Inflammation is implicated in the pathophysiology of CVD.45 In the process of atherosclerosis, proinflammatory factors such as TNF-α, IL-1, IL-6 and CRP induce endothelial dysfunction and promote the formation of lipid plaques.46 CRP, released from hepatocytes, reflects the acute phase response of inflammation.47 Hs-CRP, detected through an ultrasensitive technique, can reveal even lower levels of CRP. CRP has been associated with both CVD and major adverse cardiac events.48 Additionally, a higher level of IL-6 is associated with an increased risk of atherosclerotic CVD.49
Furthermore, inflammation has been established as a crucial factor linking CHD and depression.50 Proinflammatory cytokines interfere with the kynurenine pathway, leading to reduced serotonin synthesis. This reduction in 5-HT is closely linked to the pathophysiology of depression.51 Anti-inflammatory drugs such as cytokine inhibitors, non-steroidal anti-inflammatory drugs, polyunsaturated fatty acids and statins benefit both CHD and depression. Moreover, antidepressant drugs can not only alleviate depressive symptoms in patients with CHD but also decrease the release of inflammatory factors.52
This meta-analysis reveals higher levels of CRP, hs-CRP and IL-6 in patients with CHD with depression. Supporting our findings, studies by Bankier et al,25 Ye et al,44 and Roohafza et al 36 demonstrated a link between elevated inflammatory factors (such as CRP and IL-6) and depression in patients with CHD. Bankier et al’s25 cross-sectional study of 72 patients with CHD showed significantly higher CRP levels in those with MDD. Notably, stepwise multiple regression analyses, excluding other demographic and medical variables, confirmed this association. Similarly, Ye et al’s study44 concluded that depression increased CRP and IL-6 concentrations in patients with CHD. Their measurements of lipid metabolism indexes and carotid artery intima–media thickness further reinforced the connection between inflammatory factors, lipid levels and arteriosclerosis. Consequently, they concluded that depression can trigger aggressive inflammation and elevate arteriosclerosis risk. Finally, Roohafza et al’s36 repeated-measure cross-sectional study of 162 acute myocardial infarction (AMI) patients also linked depression to higher CRP and IL-6 values. This suggests that treating depression could improve the prognosis of AMI patients, with anti-inflammatory therapy holding promise for alleviating depression in this population.

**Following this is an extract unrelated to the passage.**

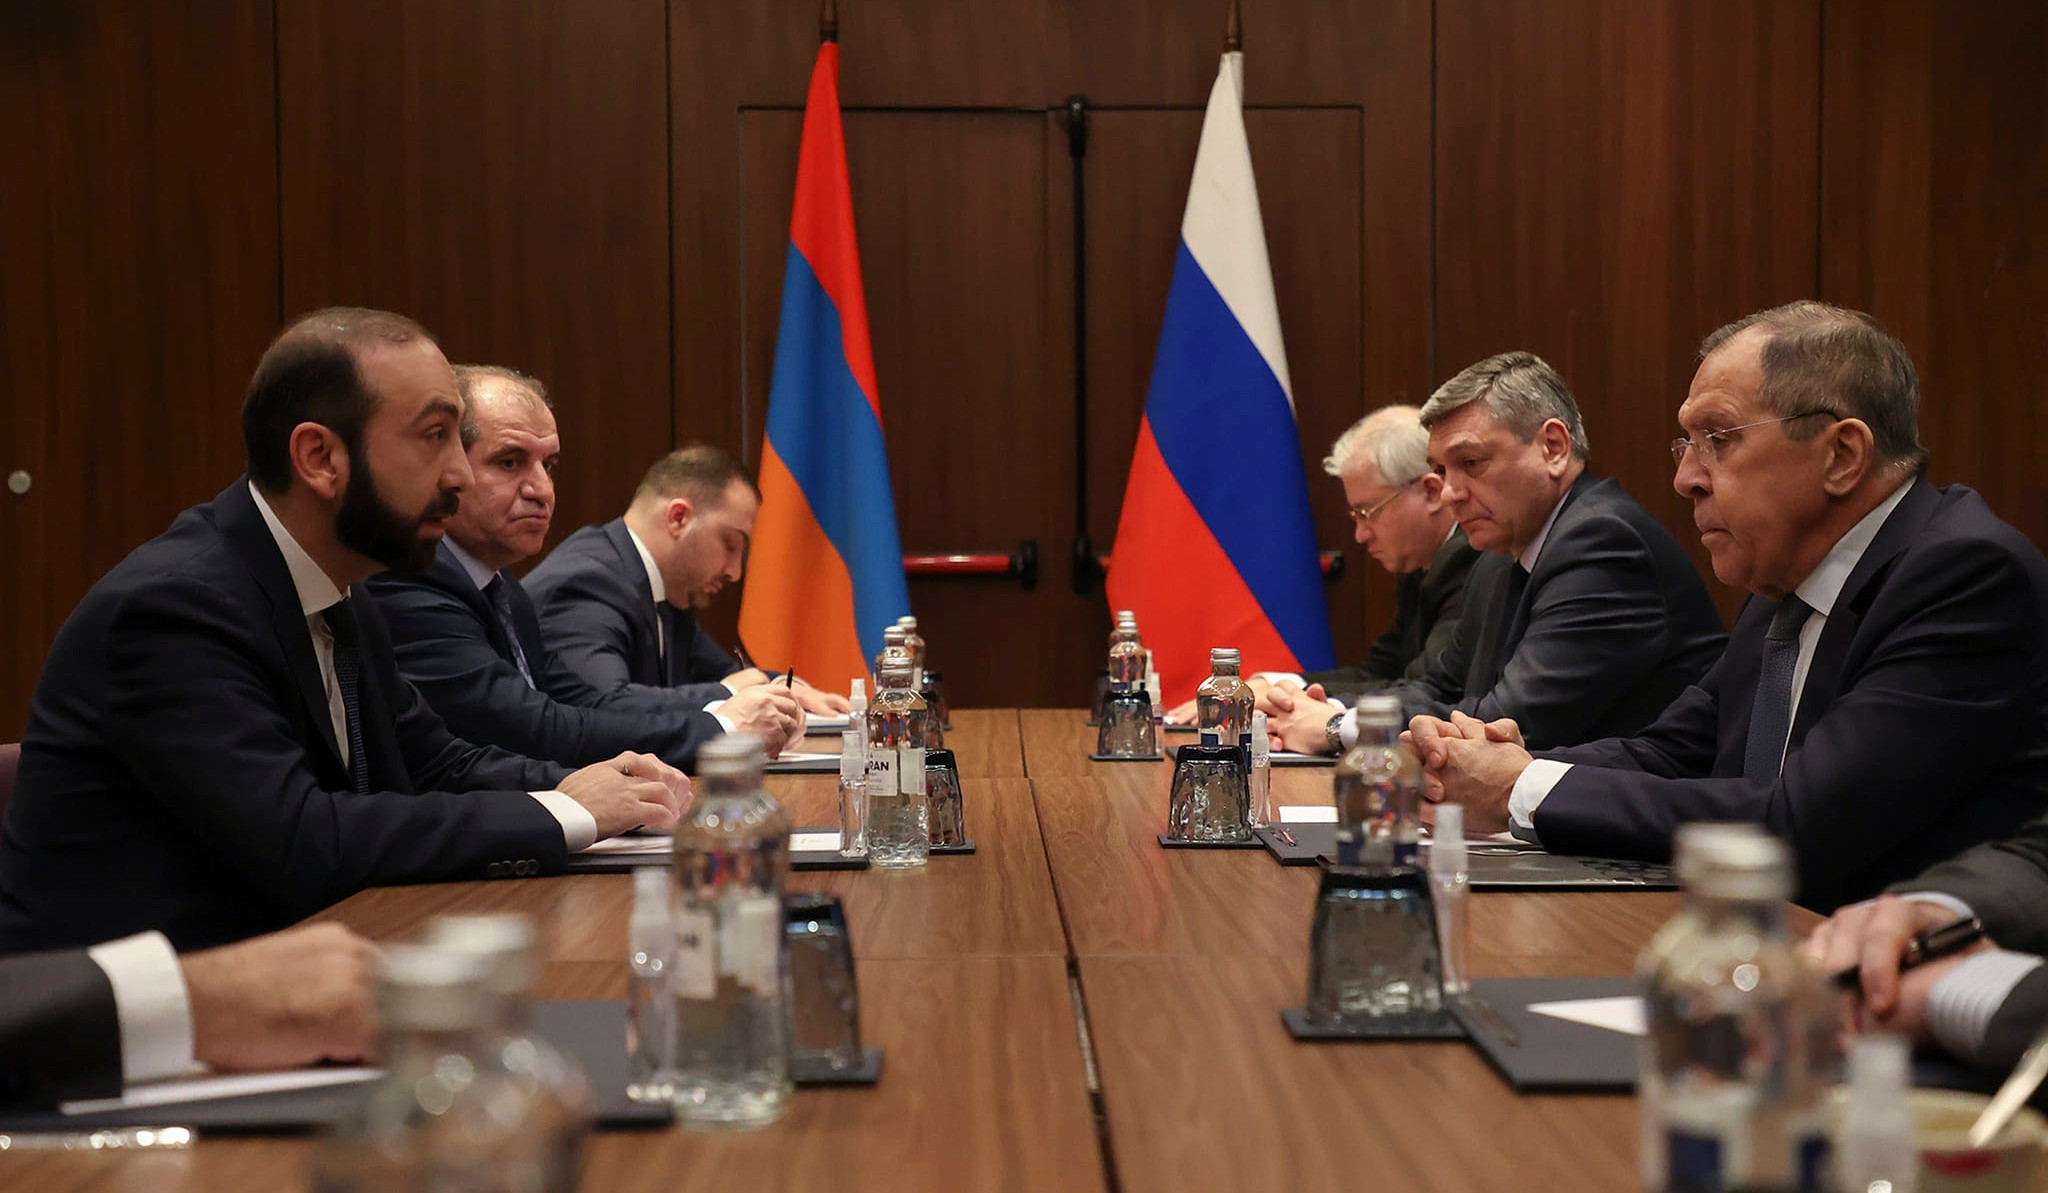 Mirzoyan-Lavrov meeting kicks off in Astana

However, our meta-analysis found no statistically significant association between other proinflammatory factors and the co-occurrence of CHD and depression. Some studies show conflicting results. For example, Alizadeh et al’s23 investigation of 154 postmyocardial infarction patients found no link between hs-CRP and depression, attributing this to potential influences from genetic, environmental and socioeconomic factors. Similarly, Lafitte et al’s31 9-month evaluation of 87 patients with ACS did not detect an association between hs-CRP, fibrinogen and the co-occurrence of CHD and depression. Such discrepancies could be attributed to variations in biomarker detection methods. For instance, Schins et al’s study37 measured serum CRP concentration using ELISA kits from ICN Pharmaceuticals (Orangeburg, New York, USA). Aydin et al 24 employed BioSystems’ CRP latex kit with A&B reagents. Additionally, medication use might play a role. Lespérance et al 32 discovered that depression was associated with higher CRP levels in post-ACS patients not taking statins, but not in those taking them. These findings highlight the need for further research to understand the interplay between depression, inflammation and CHD, considering methodological factors and potential medication interactions.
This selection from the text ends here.